Not being able to change something in an intelligent contract can also be a disadvantage. Fixing errors and changing contract terms would be an insurmountable problem.
• Privacy penetration
Transparency is a good thing, but not always. Sometimes users need some privacy. Some platforms try to offer "smart private contracts" to their users, but this is not common. In addition, there can be costs involved in introducing new technologies. Only experienced developers can create solid smart contracts.
In general, the technology still raises a lot of questions. But what about the future? Will a new technology overcome its limitations or replace it entirely?
What is the future of smart contracts?
It is clear today that the acceptance of smart contracts will only grow over time. Of course, they won't completely replace traditional paper contracts in the coming years, but they will carve out their own share of the market, especially when buying or exchanging goods, services and rights.
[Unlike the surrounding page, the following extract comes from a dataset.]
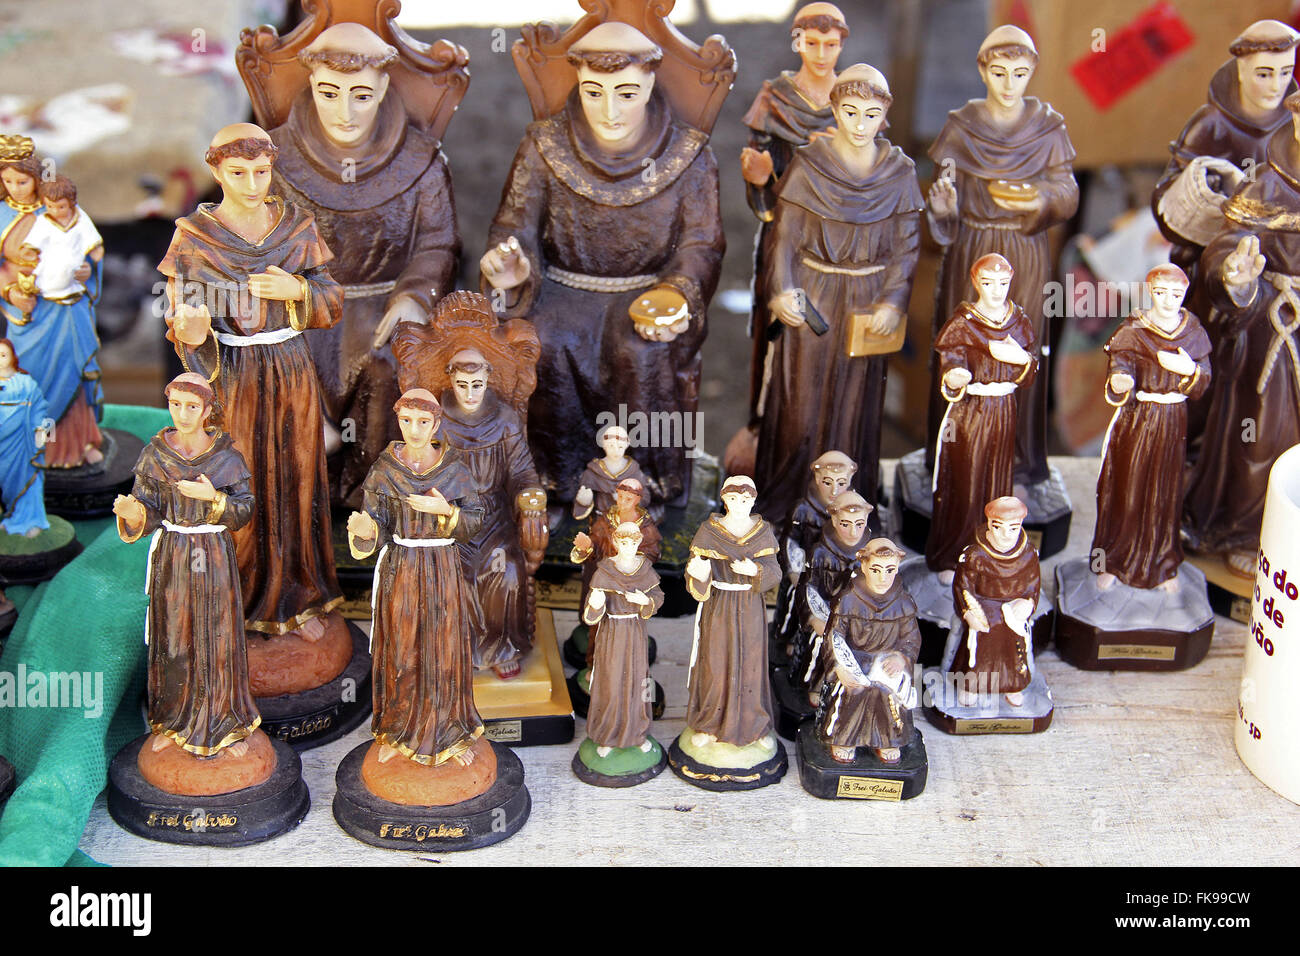 Miniaturen-Verkauf am Santuario Frei Galvao in der Stadt Guaratingueta Stockfoto

There is no doubt that they will enter more and more areas of people's lives.
The legitimacy problems of many countries will be resolved in the next few years because they are inevitable. Even today, Arizona and Nevada have amended their state versions of the Uniform Electronic Transactions Act (UETA) to explicitly include blockchain and smart contracts.
conclusion
The benefits of smart contracts cannot be denied or underestimated. They appear to be a good alternative to traditional protocols, providing a higher level of performance. If they manage to get positions, they will occupy contractual territory and the agreement will be changed forever. They will change the way people do business.
Low cost, reduced fraud and delay, and full autonomy make smart contracts attractive to the public. But smart contracts will only become more interesting if they increase the efficiency and certainty of transactions and reduce the need for partner vendors.